Thursday, 23 July 2009
Fun at the Carrie Underwood ShowBy Ronni Prior of Rants By Ronni
For her birthday, my daughter gave me a present - a ticket to accompany her to a Carrie Underwood concert. I love Carrie Underwood. From the first time I heard the chorus to Before He Cheats, she had me.
I dug my keys into the side
Of his pretty little souped-up four-wheel drive;
Carved my name into his leather seats...
[NOT YOUR NAME, CARRIE! TELL ME YOU DIDN'T CARVE YOUR NAME!]
...Took a Louisville Slugger to both headlights,
Slashed a hole in all four tires...
Maybe next time he'll think before he cheats!

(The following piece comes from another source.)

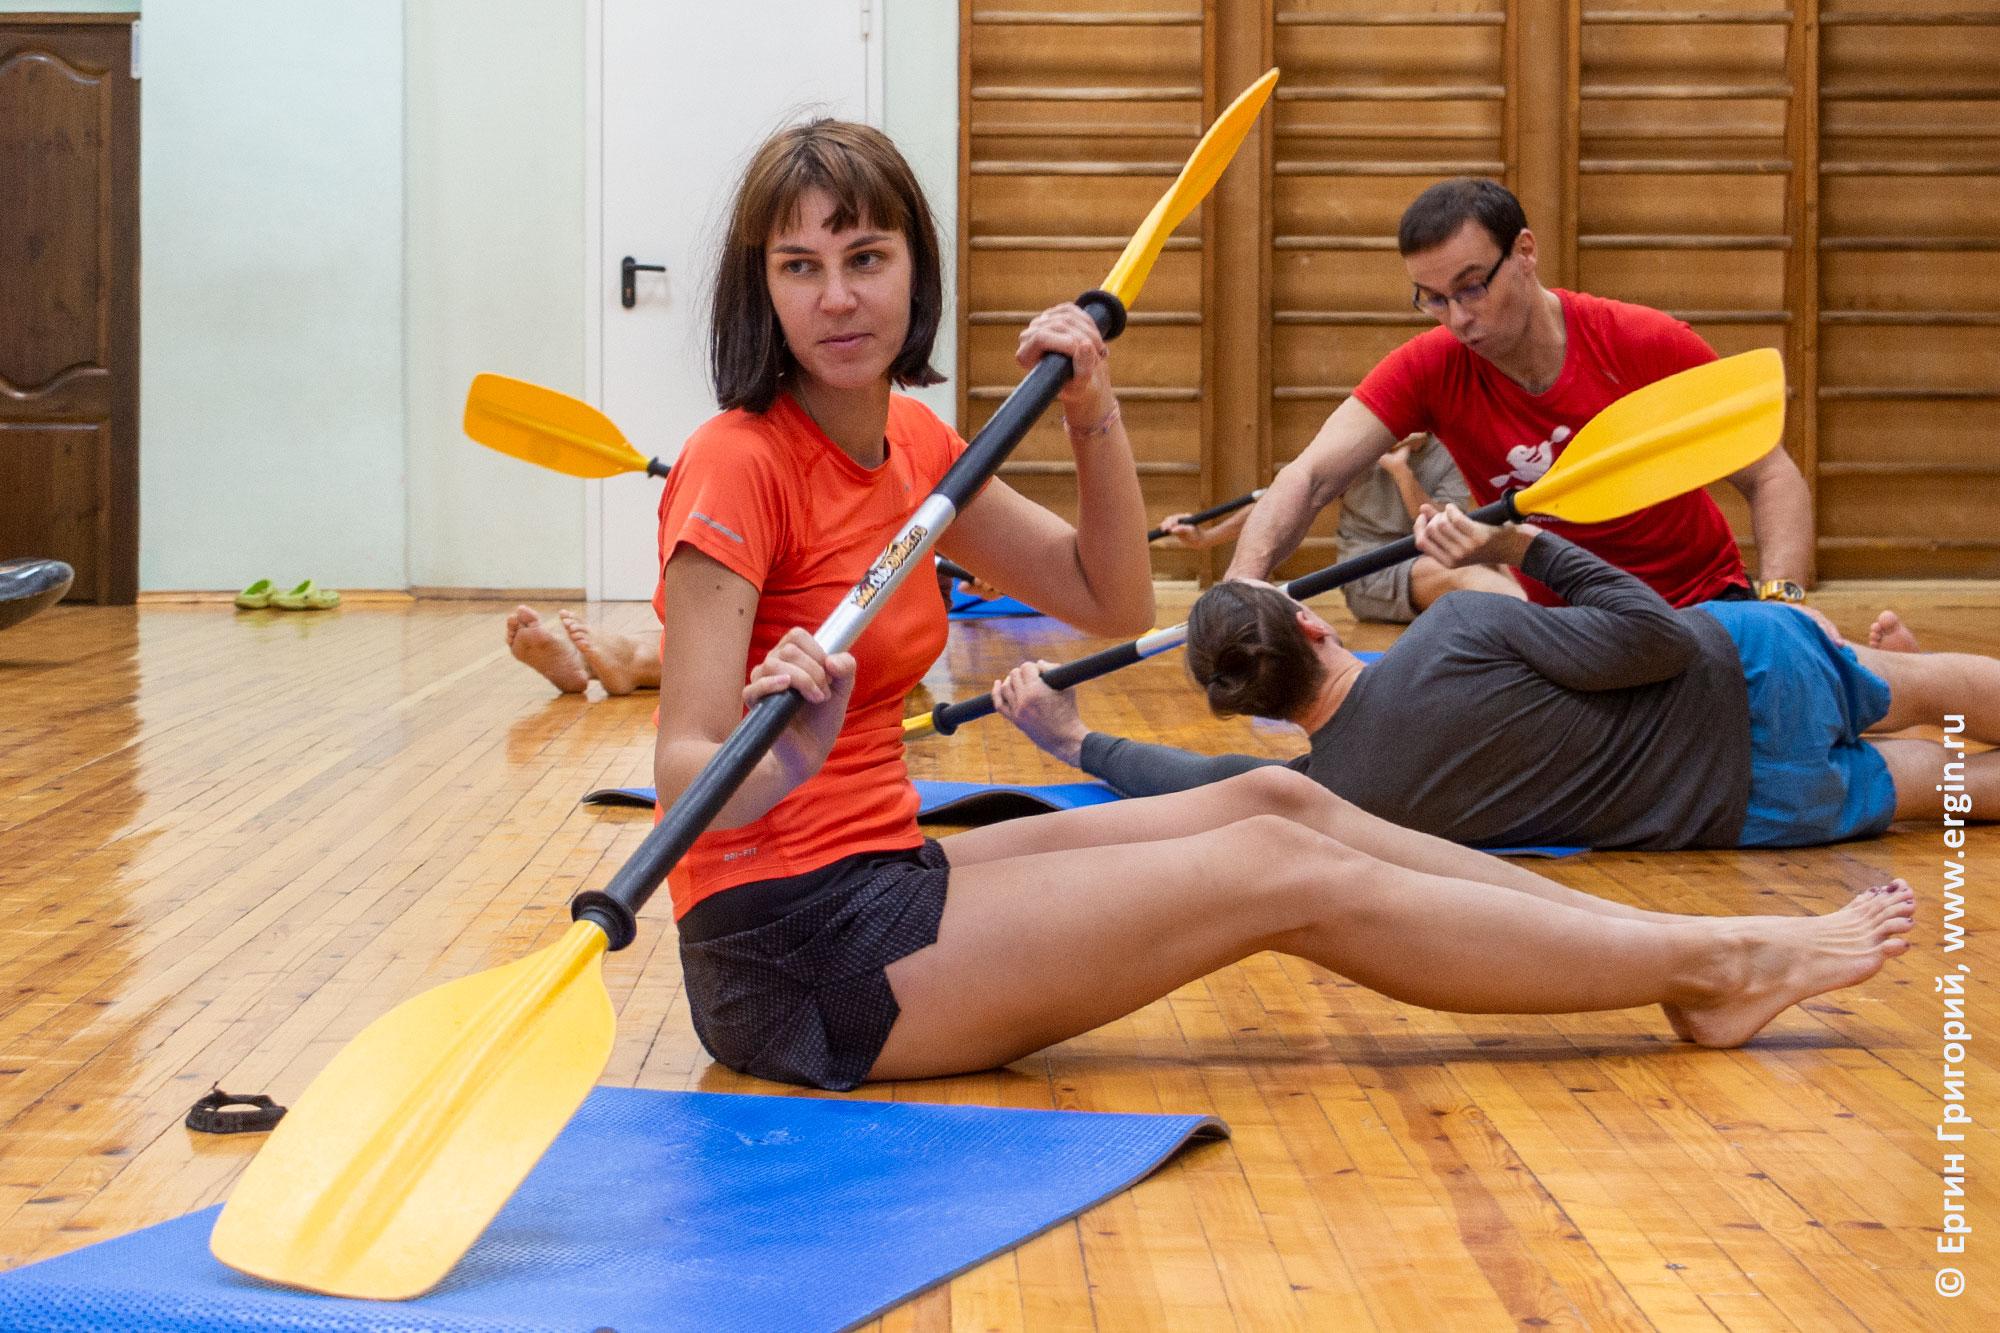 Девушка с веслом на тренировке по каякингу

...Gonna save a little trouble for the next girl,
For the next time that he cheats
You know it won't be on me...
[BECAUSE HE'LL HAVE A RESTRAINING ORDER OUT ON YOUR BUTT!]
Anyway - I love this song and almost everything else the girl sings.

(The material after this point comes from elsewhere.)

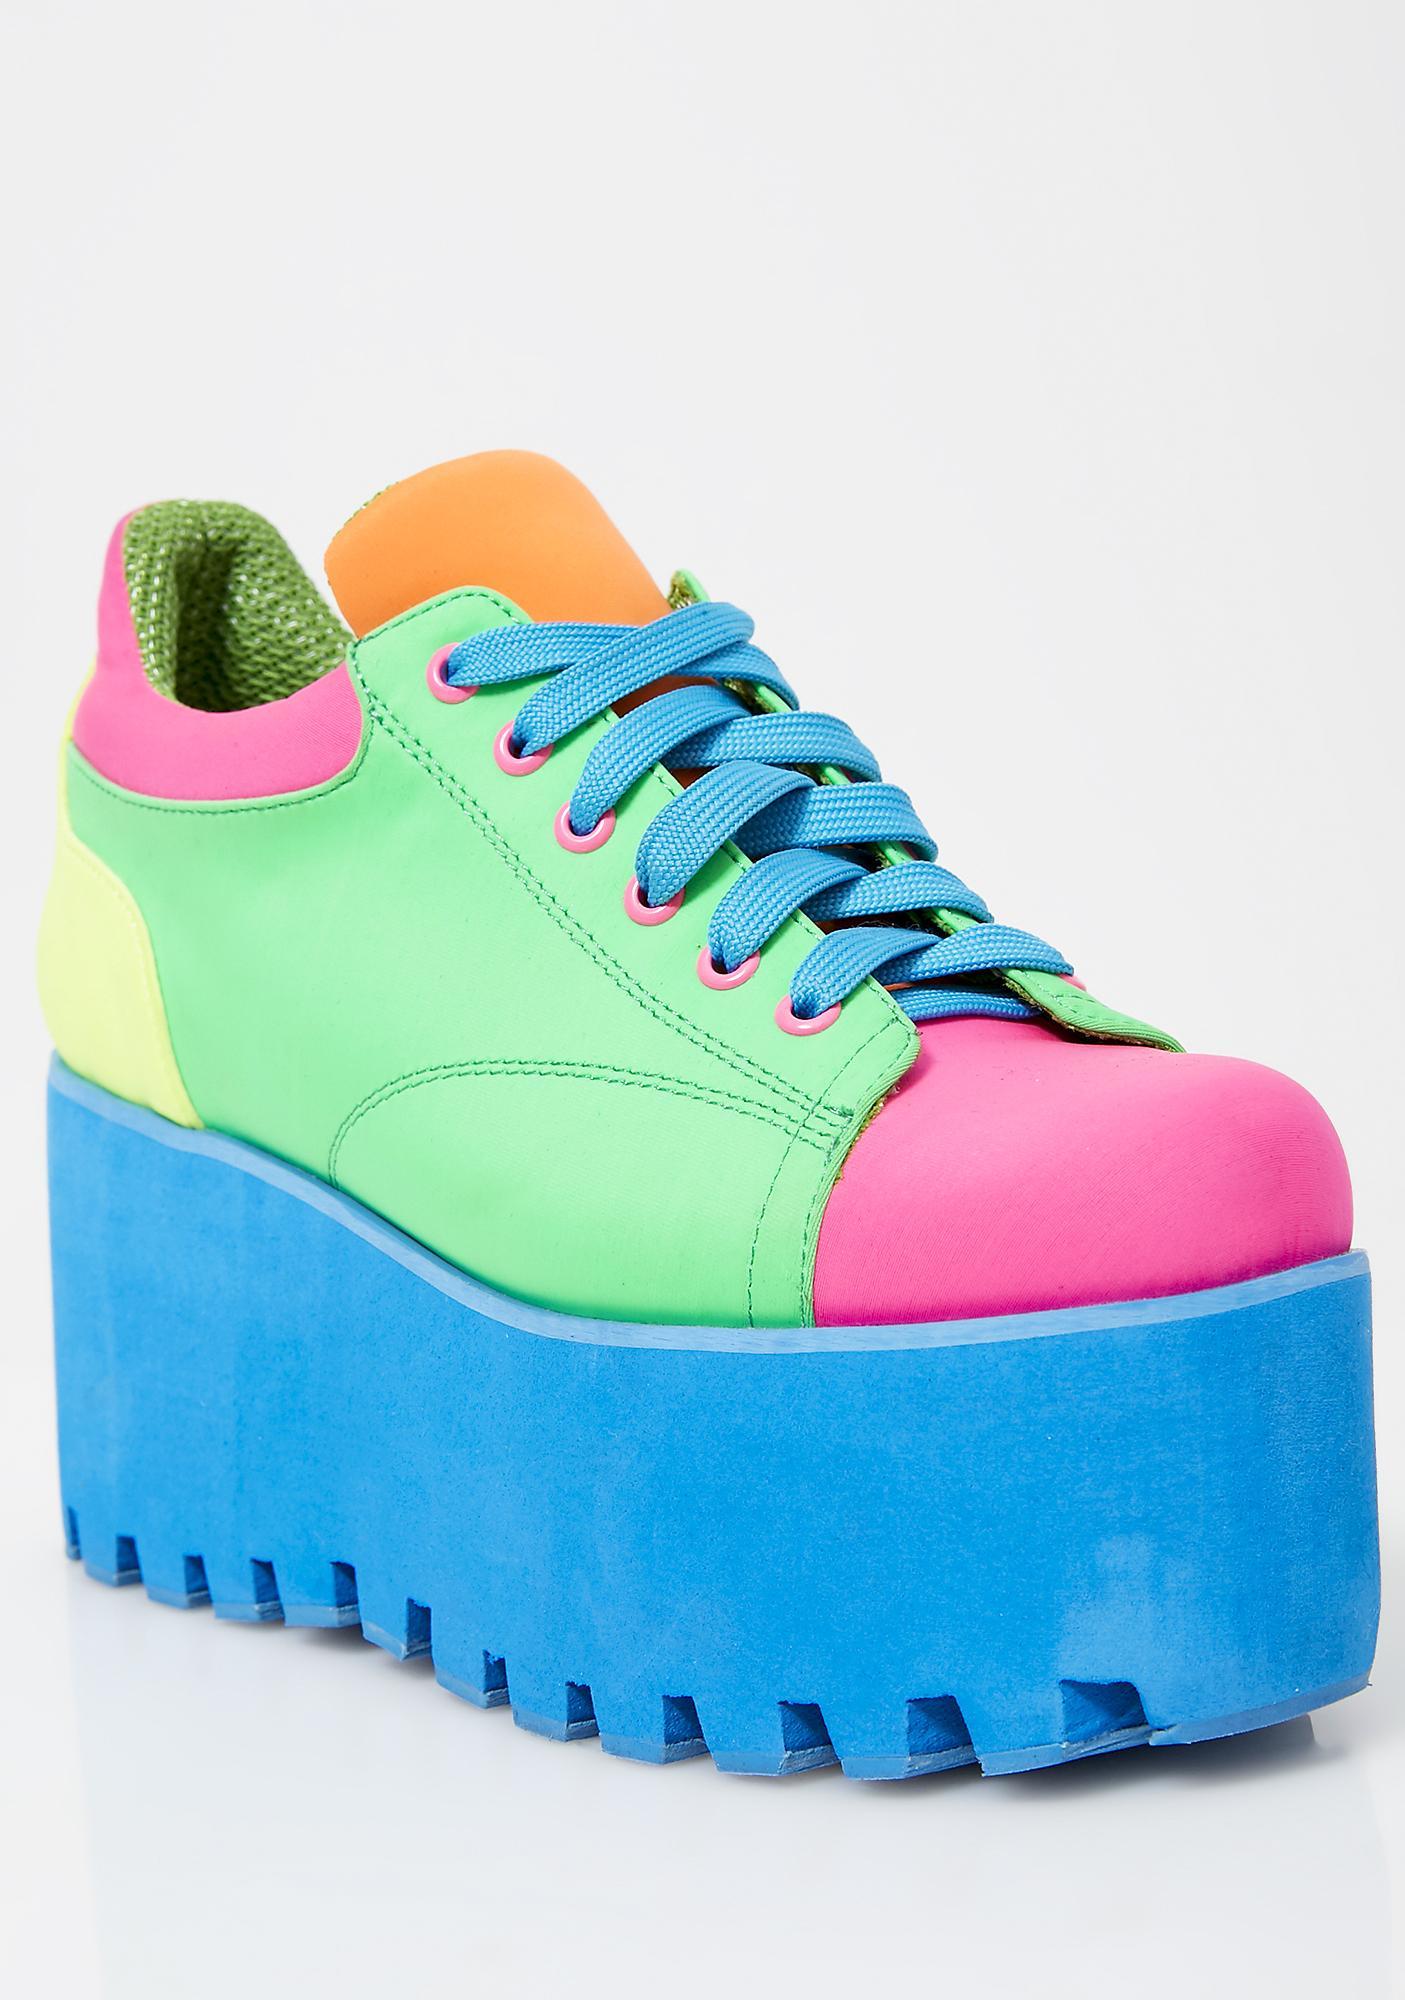 Current Mood Kandi Rush Platform Sneakers

So, we're sitting there and there's a group behind us that includes a very loud and obnoxious woman who is complaining about the seats, the crowd, the lights and everything else. She had (she said) just got back from vacation in Europe (dahling) and Texas was just so – so - rural, provincial and generally unsophisticated. She leaned over to her companions and said, "How do you like my earrings? I got them in Switzerland!"
Dearly Beloved, I had had enough.
I leaned into my daughter's ear and said (loudly), "How do you like my earrings? I got them at Walmart!"
In between chuckles, she answered, "You're gonna burn in hell!"